For me, my company launch is going quite well. I successfully brought over one of my biggest clients. I’ll find out next week if my favorite one will join us. We have to put on a full presentation, but I anticipated that and have an edge since nobody knows them as well as I do – not even my old boss. Robin, my partner-in-crime, is invaluable and just as thrilled with our launch. Next week we have a celebratory Friday lunch for our big win this week (contracts will be signed by then). Her quiet, level-headedness is a godsend. The separation from our old firm has been non-eventful (which is just how we wanted it) and we haven’t made a big splashy announcement until we know if the other client is joining us. I don’t need the sharks circling any more than necessary, but inevitably word is slipping out and that’s OK too.

I look back on where I was just over a year ago and marvel at my progress. Last spring and summer I was in the depths of a deep, deep work funk that rendered me virtually immobile. I had completely lost my mojo. Then the turning point was telling myself that nobody can fix this but myself. I don’t have a good home office, fine, fix it!
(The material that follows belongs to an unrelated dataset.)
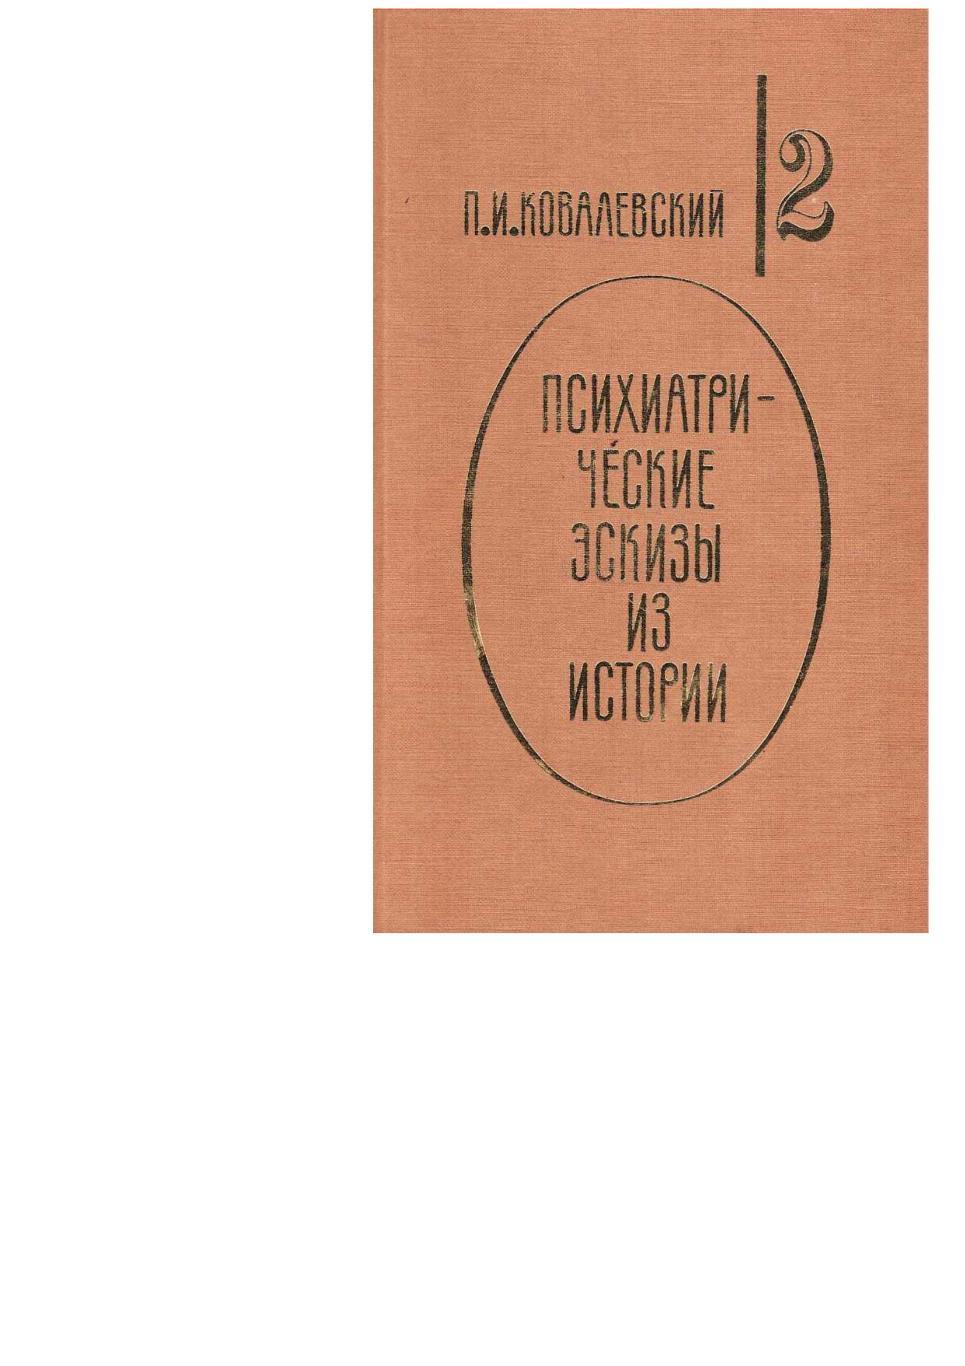 Ковалевский П.И. Психиатрические эскизы из истории. Т. 2. – М., 1995

So I did over a weekend with used furniture, cans of spray paint to make some used file cabinets fire engine red, and a fortuitous office yard sale. I realized that instead of complaining about the lack of support from my firm, I should just fix it. So with trial and error, I have. I tried some virtual assistants with lackluster results. Now I use Fiverr on a task-by-task basis and it’s been great to fill my gap.
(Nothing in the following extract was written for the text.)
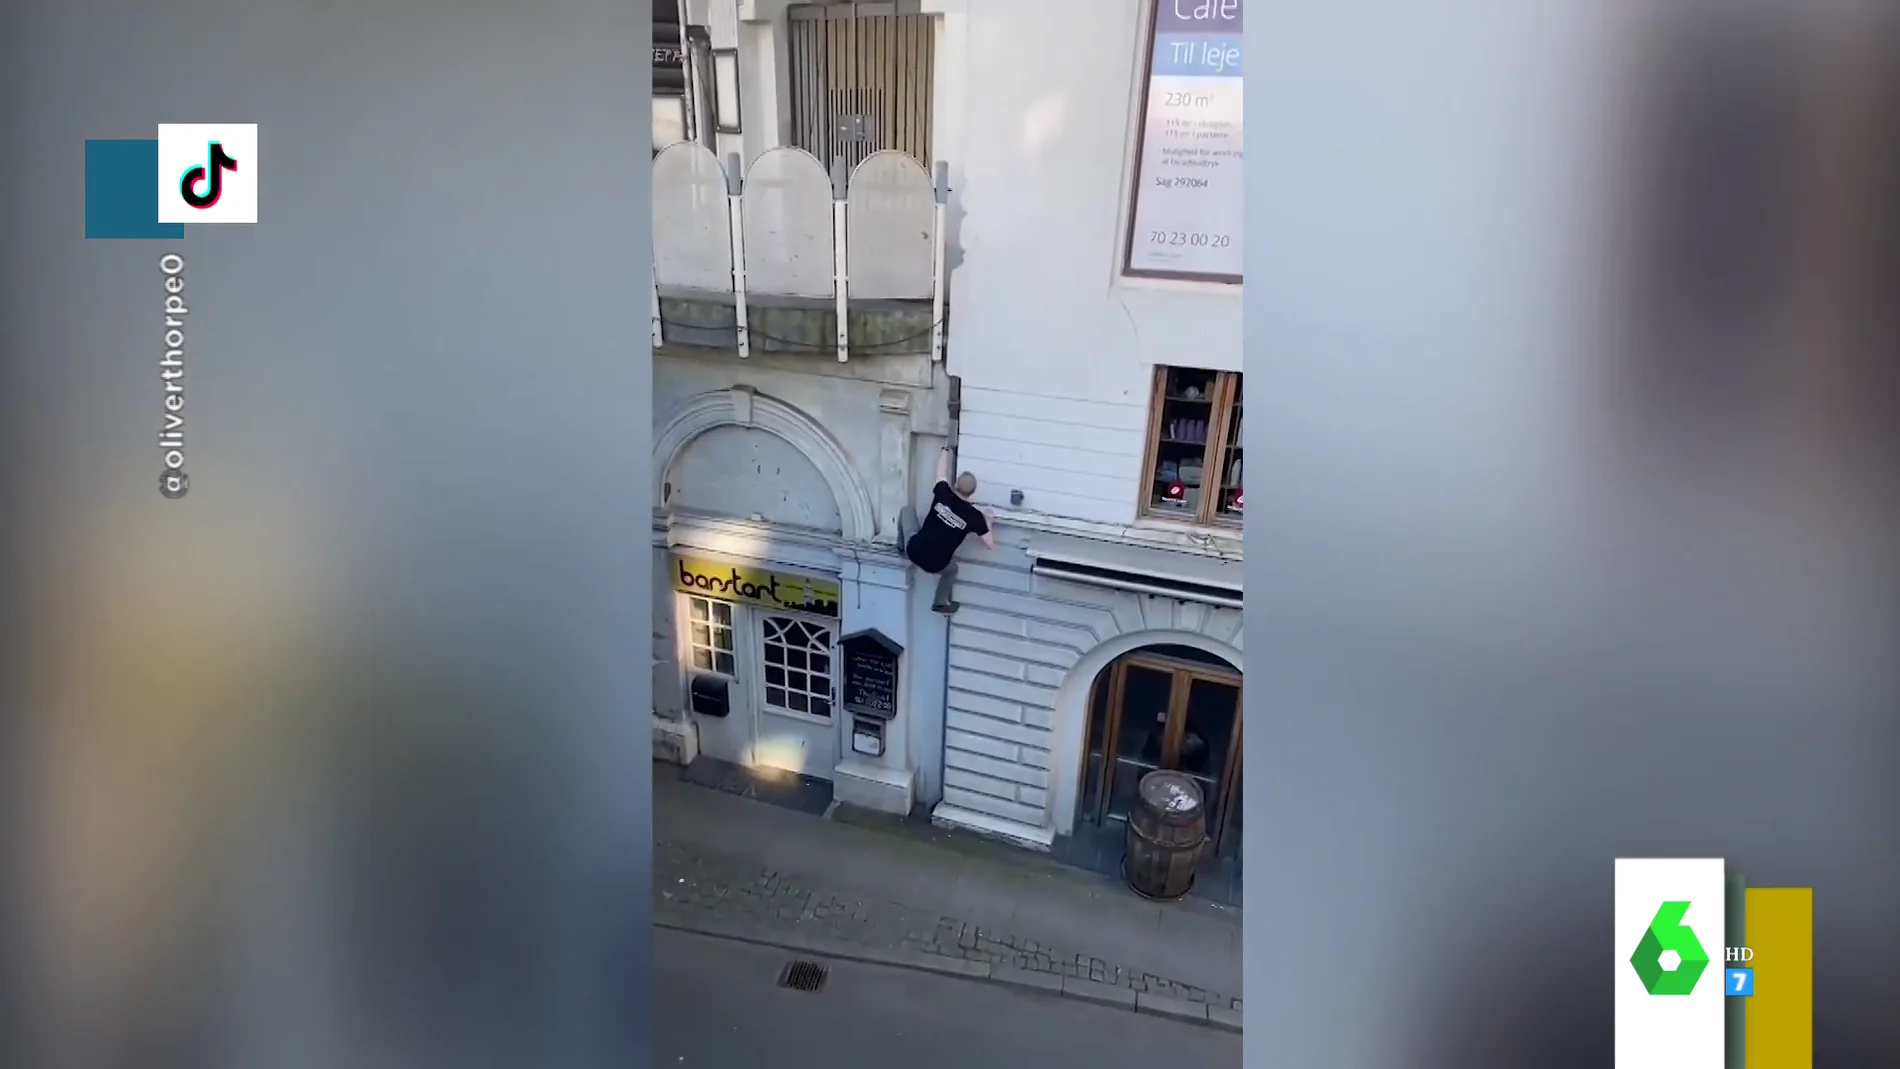 La escalada de vértigo de un joven hasta su balcón al más puro estilo 'Assassins creed'

Life is great and I see so much potential. I’m the eternal optimist once again. It’s funny, the Hunter had his self-doubt moment a couple of days ago. He was finally getting a few no’s to his introductory calls and we both realized that what we are doing is not for the faint of heart. My moment of “oh shit” was last week. It’s difficult, hard work to start companies up from scratch, but the good news is we have each other. He is always finding ways to help me and the same goes for me. As one of our friends said, we are a power couple. Look out world!!